Once you reach the line with "Australia 5 USD 2002", copy it and every line after it exactly, up to the end of the data. Omit the pictures.

*** Opening of SUPPLIED DATA ***

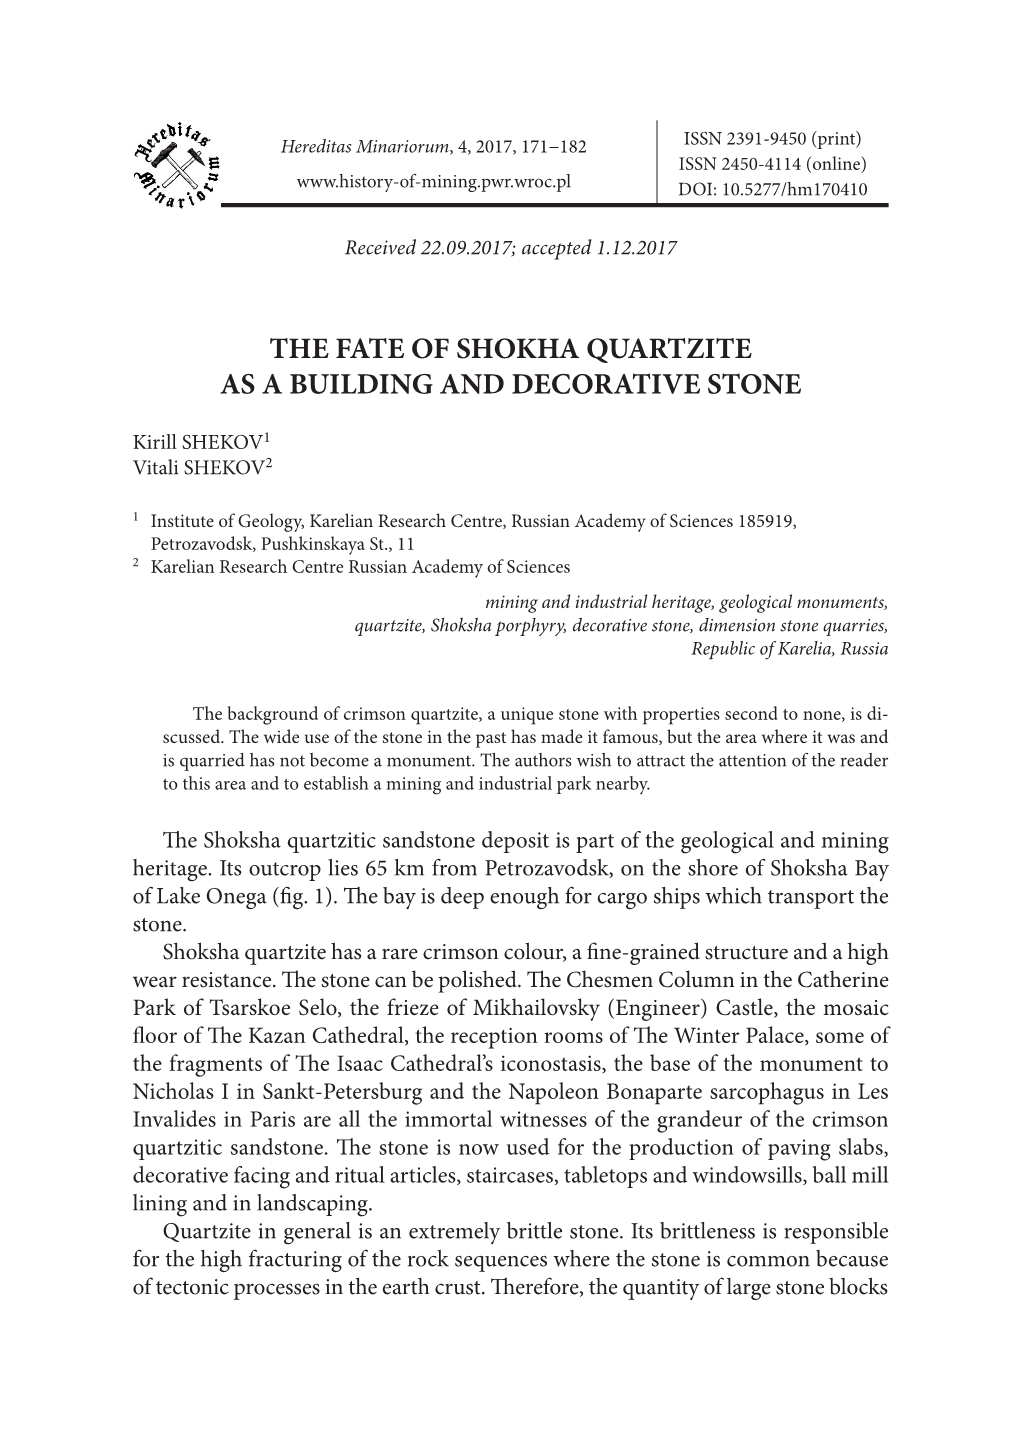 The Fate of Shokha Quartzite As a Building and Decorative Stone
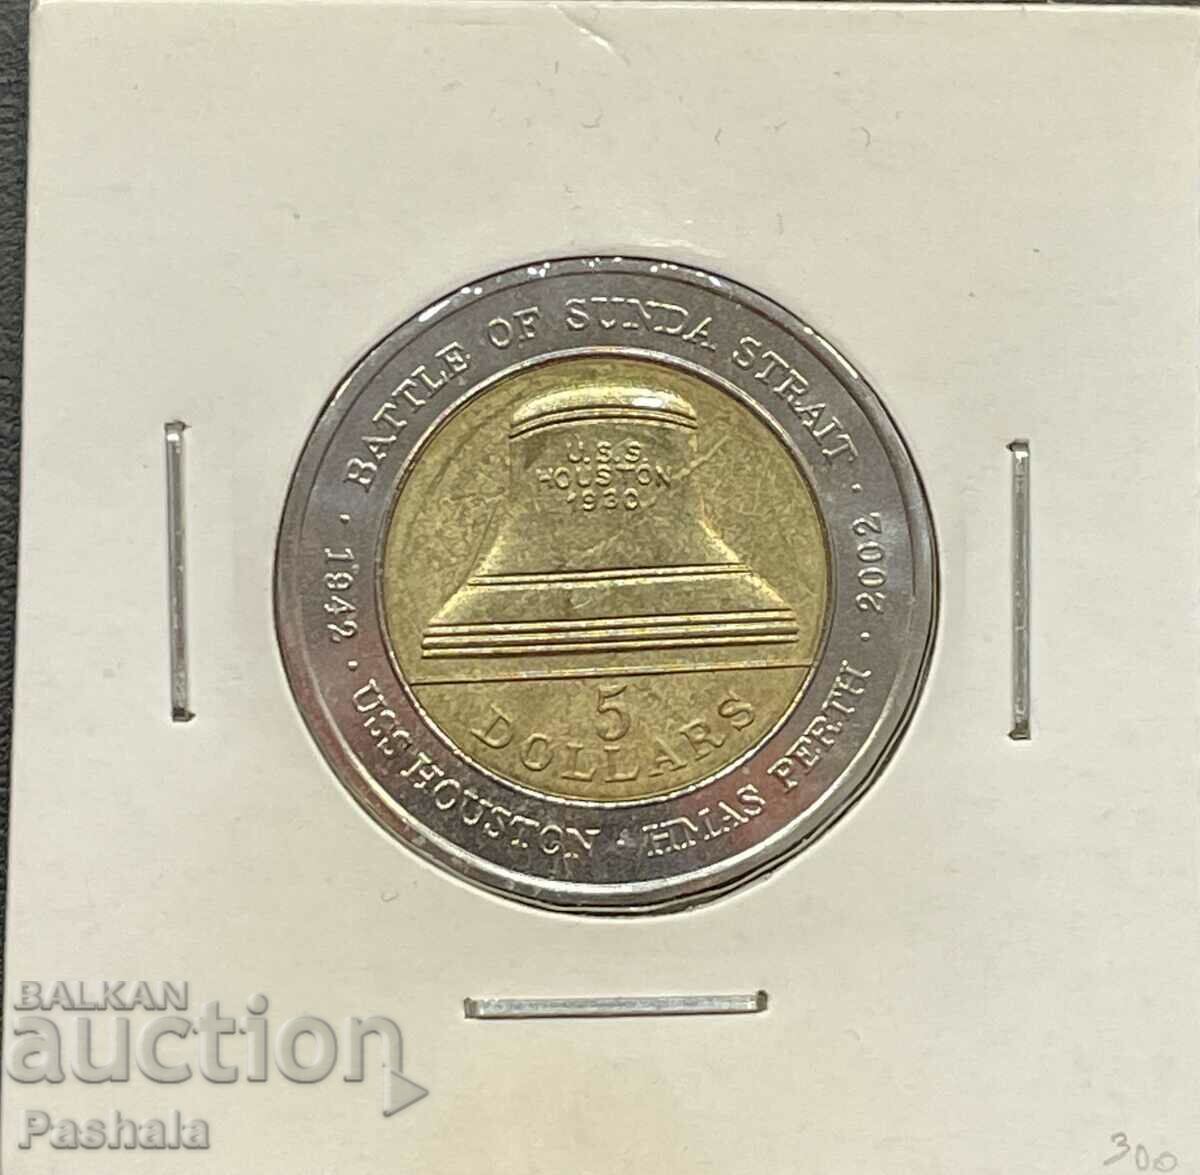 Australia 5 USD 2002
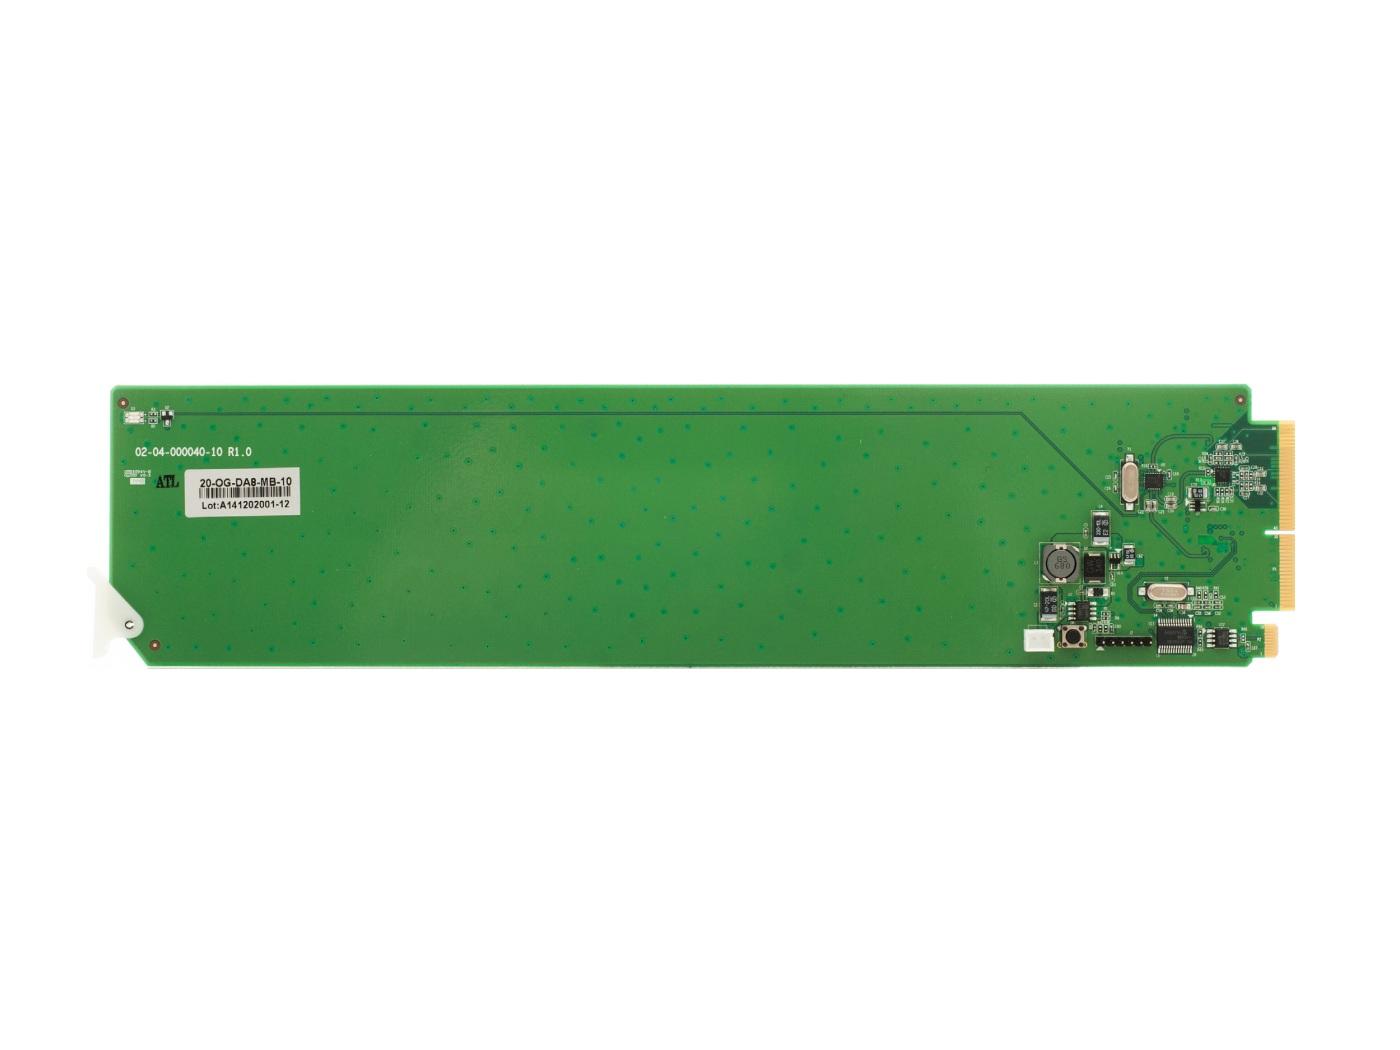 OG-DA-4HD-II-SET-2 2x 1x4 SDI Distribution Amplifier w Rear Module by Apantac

*** Close of SUPPLIED DATA ***

WRITTEN SOLUTION |
 Australia 5 USD 2002
 OG-DA-4HD-II-SET-2 2x 1x4 SDI Distribution Amplifier w Rear Module by Apantac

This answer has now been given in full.